I think I'm done crying though. That was a looong one. Obviously needed. I feel silly sometimes writing about it or posting on facebook but I don't have anyone here to talk to right now and it at least gets it out of my system so it doesn't eat me alive. A counselor would probably be good but I don't like paying for one when most of the time, I feel like I'm doing OK.
I am going tonight though to meet with a small group of women who have also gone through loss. I've never done anything like that before so hopefully it will help.

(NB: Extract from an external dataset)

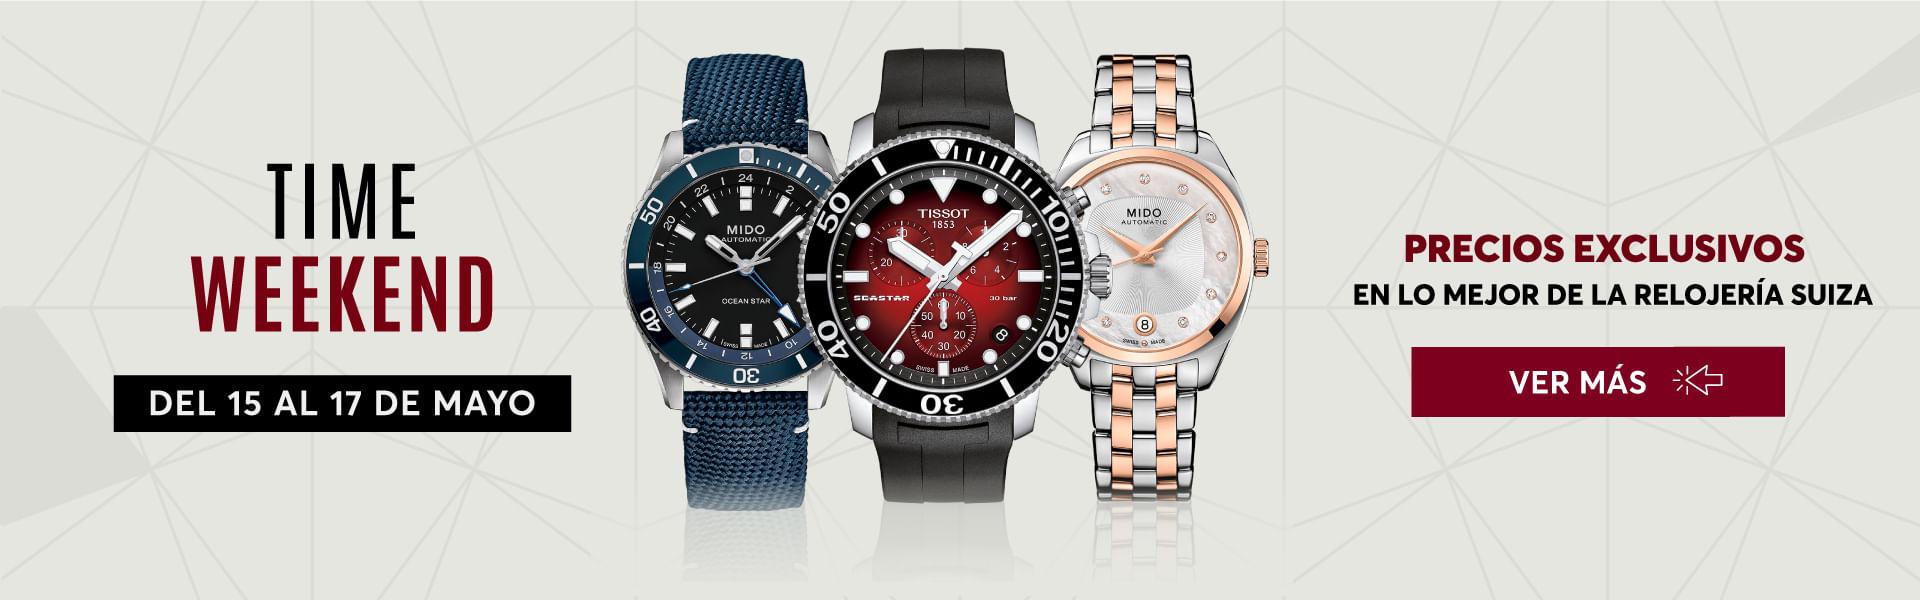 Time Weekend - Precios especiales en relojes de las mejores marcas

I just get really mad and sad and then repeat. I feel stuck in a way. A part of me wants to move on, forget it, just stop (whatever that means), or give away all of Karlyn's baby clothes I've been saving so I don't have them to remind me of that hope or possibility. It's like this instinct comes into play where you think, "I want to make sure this never, ever happens again and that I never have to feel this pain again."
But the only thing is, you can't. Because having a baby is the only thing you want. And you'll never stop hoping or trying because it's sewn so deep into your heart that you couldn't tear it out if you tried. I ask myself, did God give me these desires only to keep ripping them away? Is something good supposed to come from all this? On a good day, my answer is yes. There is a plan.
Today I just cry though and get mad and hope I wake up tomorrow on the other side.